Every bit of it makes me want to vomit.

I turn the corner, heading away from those perfect families with perfect lives, into the alleyway that feels much more natural to me. There's nothing fake, no pretense about this place that always irritates me so much. The graffiti that emerges from the brick confines of my domain exist because someone felt something, had a human experience, or wanted to leave their mark. Nothing like those sickly sweet paintings of things that never happened, of people who nobody would even have thought should exist until they stained a page.
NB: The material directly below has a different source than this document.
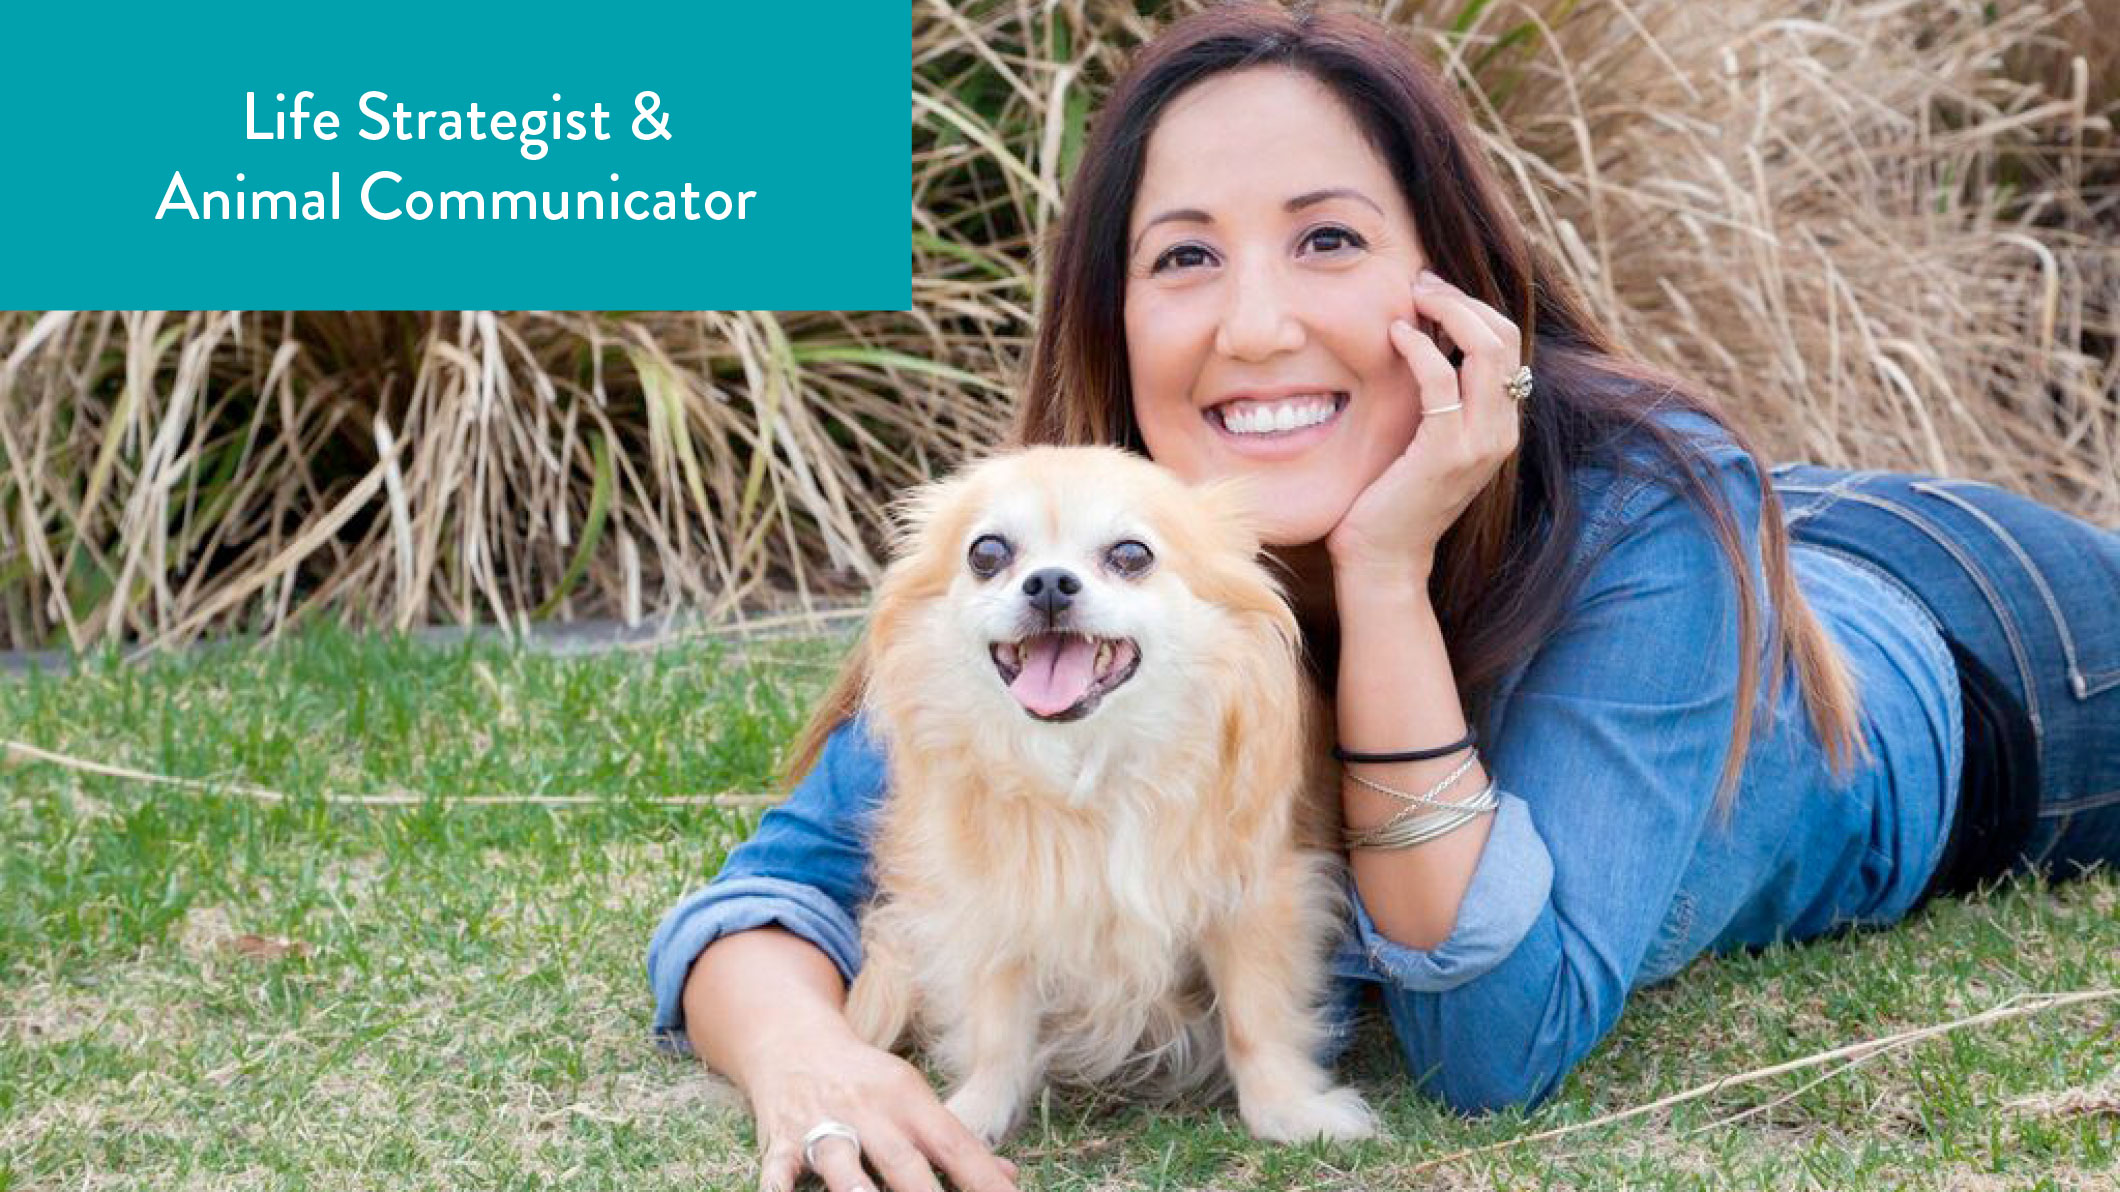 Simonne Lee – Founder of ‘The Animal Communication Method’

The art world is like that, at least the art world society deems is appropriate to even be considered "art". A person with zero creativity and only a glimpse of human anatomy can taint a canvas, and everyone goes nuts because he has enough money to obtain his prestige. And if he's lucky, people with even more money than he does will collectively agree that his work is valuable and then sell it for a very high price, so that some capitalist snobs might brag about how much cash they blew on whatever they hang from their walls. It's repulsive. As if any of them would know anything about true art or human emotion. I happen to be a budding master in both of those fields. 

I climb up the stairs to the small apartment Bailey and I share, careful not to slip on the water-slicked asphalt. It must have rained while I was studying. How could I not have noticed how humid it feels? I was probably distracted by those idiot parents down the street. People tend to be very good distractions, as far as I've observed. 

I sigh to myself and slide the key into the rusted lock, and turn it sharply. Our lock jams sometimes. There's a grating click, and I swing the door open. The first thing I notice is the chair. It's on the floor. Let me rephrase, it's on it's side in the middle of our cluttered living room. I blink. Bailey is suspended from the ceiling, a rope twisting around her bruised neck. 

From far away, I hear my watch chime twice. It's 6:00. I always keep close attention to the time, because time is important. And there truly never seems to be enough of it.